A diverse video dataset, Vimeo25M, consisting of 25 million text-video pairs, is introduced to improve LaVie’s performance, focusing on quality, diversity, and aesthetic appeal. LaVie has demonstrated superior performance quantitatively and qualitatively in extensive experiments and has proven versatile in long video generation and personalized video synthesis applications.
LaVie framework is a cascaded system designed for generating videos based on text descriptions using Video Latent Diffusion Models. It consists of three distinct networks:
- A Base T2V model generates short, low-resolution key frames.
- A Temporal Interpolation model interpolates these short videos to increase the frame rate.

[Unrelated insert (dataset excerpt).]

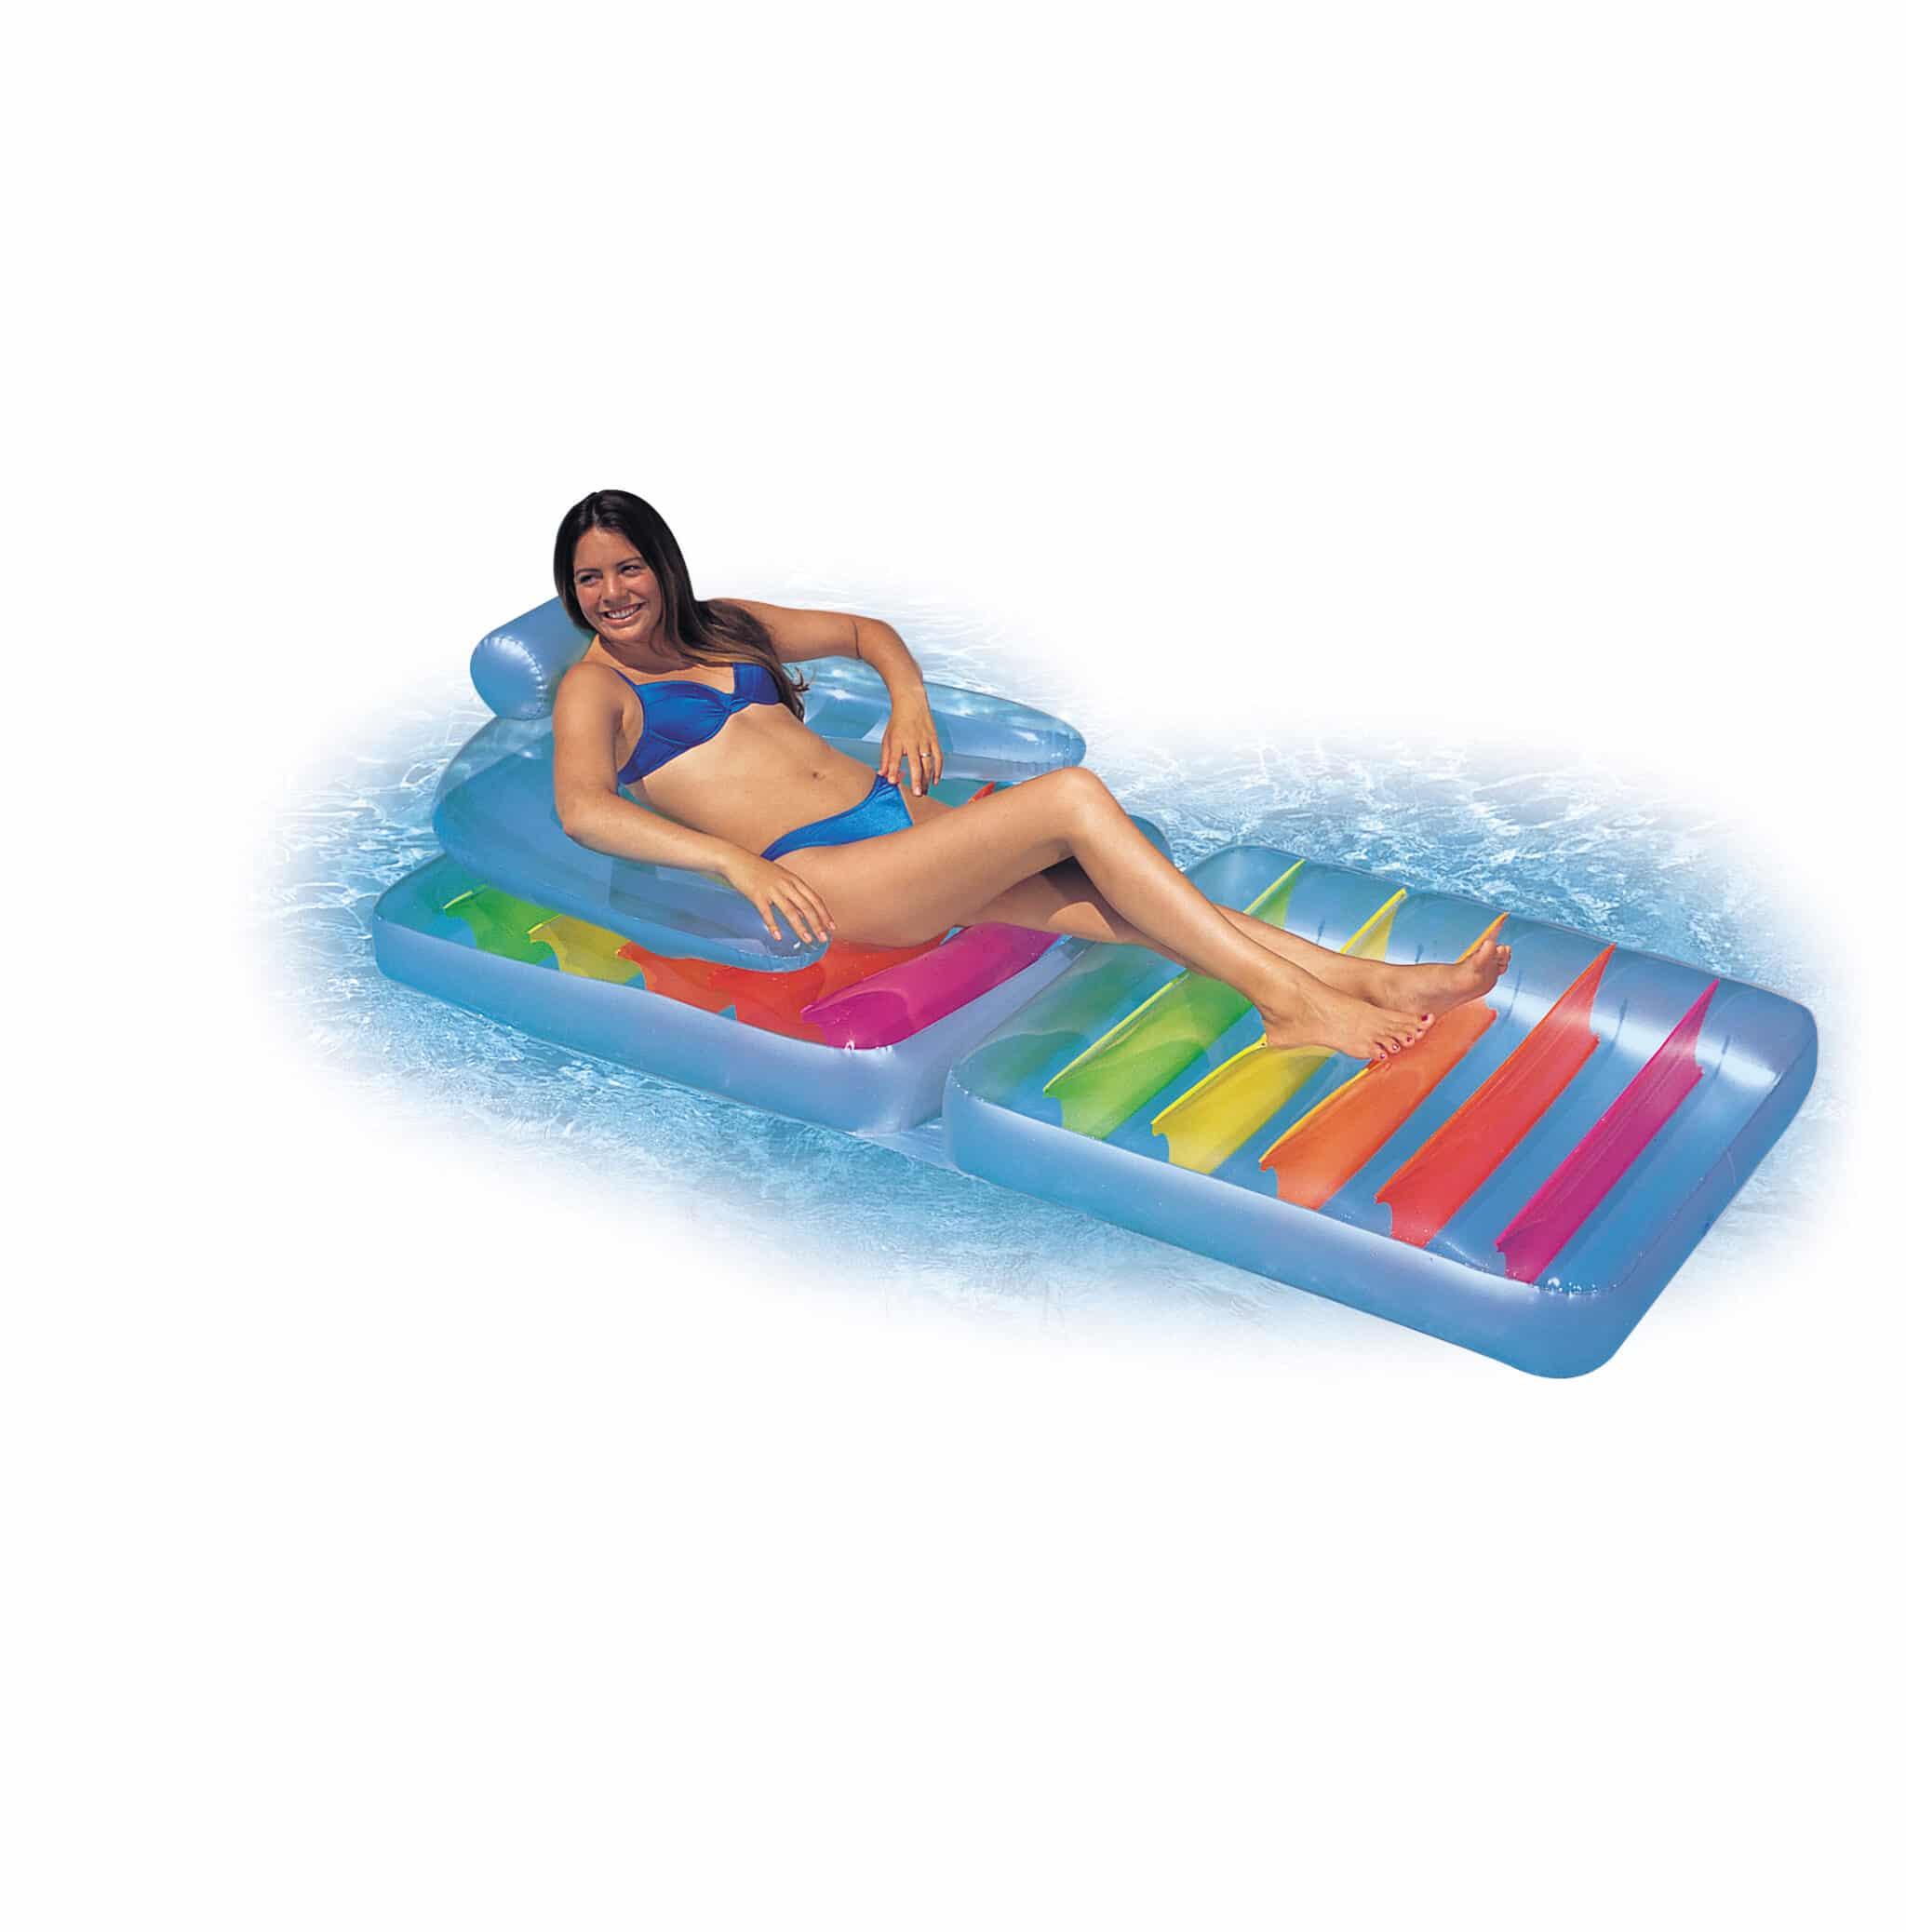 Intex pool Schwimmbad Matratze Lounge-Sitz/Liege

- A Video Super Resolution model synthesizes high-definition videos from low-resolution ones.
Each model is trained individually, with text inputs serving as conditioning information. During the inference stage, LaVie, given latent noises and a textual prompt, can generate a 61-frame video with a resolution of 1280×2048 pixels.
Base T2V Model
The original Latent Diffusion Model LDM, a 2D UNet, is modified by inflating each 2D convolutional layer to include an additional temporal dimension, creating a pseudo-3D convolutional layer. This modification introduces an extra temporal axis to the input tensor. Additionally, the original transformer block is extended to a Spatio-Temporal Transformer by adding a temporal attention layer after each spatial layer, incorporating Rotary Positional Encoding to integrate the temporal attention layer. This approach is simpler and more effective than previous methods, avoiding the introduction of an additional Temporal Transformer.
The base model aims to generate high-quality key frames that preserve diversity and capture the compositional nature of videos, synthesizing videos aligned with creative prompts. However, fine-tuning solely on video datasets leads to catastrophic forgetting, causing the model to forget previous knowledge rapidly. To counter this, a joint fine-tuning approach using both image and video data is applied. Images are concatenated along the temporal axis to form a T-frame video, and the model is trained to optimize the objectives of both T2I and T2V tasks.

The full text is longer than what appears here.